Destination : 182 , A table !


Elle rate toujours ses potions magiques

Avertissement : Nous tenons à informer l'aimable lecteur qu'il ne trouvera pas, dans les lignes qui suivent, une recette détaillée de potions magiques conformément aux souhaits appuyés de la CISP (Confédération Internationale des Sorcières Patentées).
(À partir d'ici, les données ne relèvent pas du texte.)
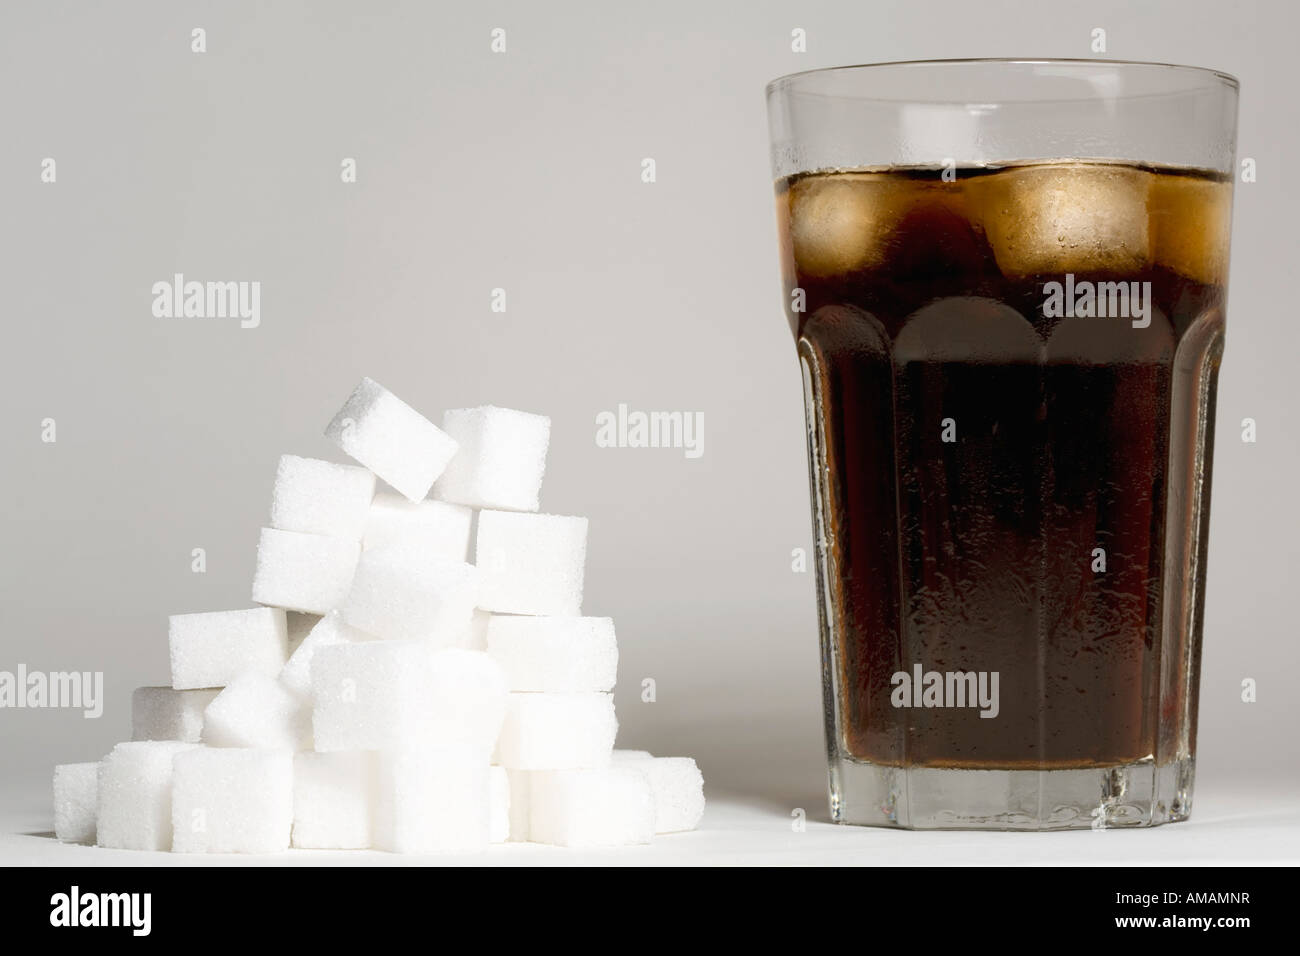 Ein Glas Cola und einen Haufen Zuckerwürfel Stockfotografie - Alamy

Il est à noté que tout contrevenant à ce diktat ferait immédiatement l'objet d'une métamorphose.



Albertine était une jeune sorcière "INCAPABLE" comme disait sa belle-mère, "DANGEREUSEMENT AMATEUR" comme disait son beau-père, "TETE EN L'AIR" comme disait mollement son mari afin de l'excuser.

Sa mère avait su, dès sa naissance qu'elle ne "SERAIT BONNE A RIEN", son père clamait à la ronde qu'il ne voyait absolument pas "DE QUI ELLE POUVAIT TENIR".
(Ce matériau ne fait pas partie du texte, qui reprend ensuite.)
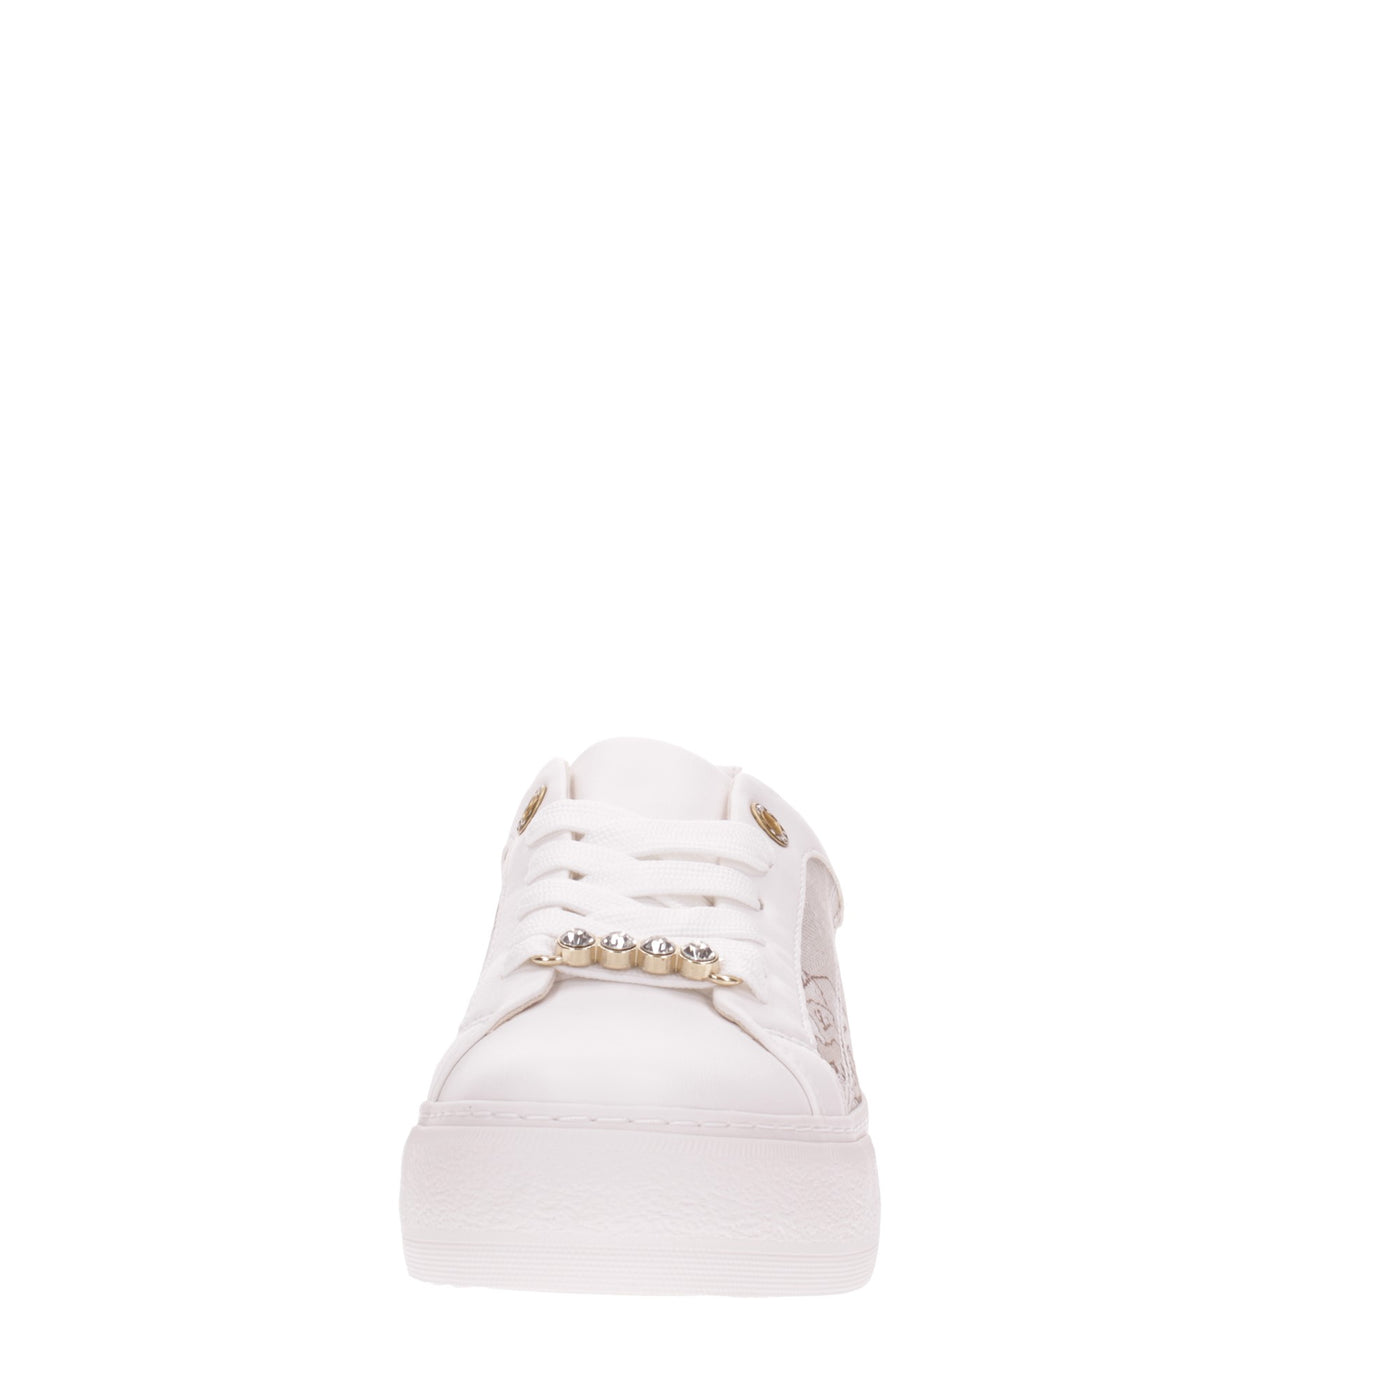 Alviero martini Sneakers#colore_bianco

Albertine ratait immanquablement toutes ses potions magiques. Elle était la honte de sa communauté.

Pourtant elle avait un excellent livre de cuisine magique. Elle était intelligente, vaillante, volontaire, mais voilà au moment de rajouter dans son chaudron, parfaitement briqué, les ingrédients comme : trois gouttes de venin, une larme de ciguë, deux pincées de langue fourchue déshydratée, quelques dards plantés dans un oignon pourri, une cuillère à soupe de bave de crapaud, une fine tranche de boyaux de dragon, un oeil de perdrix, un poil à gratter enfin toutes ces petites choses qui font la saveur et la renommée d'une parfaite potion magique, le coeur et l'estomac en déroute, elle intégrait à sa mixture tantôt des pétales de roses et du miel de Provence ou du thym frais et du romarin sauvage, avec un verre de vin rouge de Gaillac ou blanc de Pouilly enfin mille et une abominations qui font le désastre d'une mixture extraordinaire.



Voyez quelques malheurs que la cuisine d'Albertine provoqua autour d'elle :

Elle avait concocté pour sa belle mère une potion qui devait faire disparaître une magnifique verrue ornée d'un franc poil noir qui ornait son nez mais gênait sa vue.

Le poil et la verrue trépassèrent mais la chevelure blanche de la digne femme se transforma en crinière verte qui fit d'elle un objet de risée du petit monde exigeant et classique des sorcières mais épata les petits enfants (ce dont sa belle-mère n'avait cure détestant au plus au point les marmots hormis sous forme de saucisson).

Quant à son beau-père qui ne pouvait plus marcher, elle lui frotta la plante des pieds avec une de ses préparations. Le pauvre homme se mit à courir comme un lapin poursuivit par un chien durant une semaine entière. Puis, l'effet de la potion étant achevé, il s'écroula en vieux chiffon, haletant, hagard.



Albertine gagna deux ennemis et perdit un mari.



Cependant, le ciel et les enfers décidèrent (on n'exposa pas ici les raisons d'un tel accord resté secret) de se montrer clément avec Albertine.

Ils firent tomber sur le balcon de l'incompétente sorcière un oiseau blessé.

Albertine le ramassa délicatement et pleurant sur l'infortune du volatil, s'aperçut que ses larmes, inondant le plumage, guérissaient la pauvre bête.



Plus de potion magique à fabriquer maladroitement ! Quelques larmes d'amour et de compassion suffisaient.



Elle enfonça son large chapeau noir sur sa tête, enfourcha son balais et alla pleurer sur le monde qui en avait grand besoin.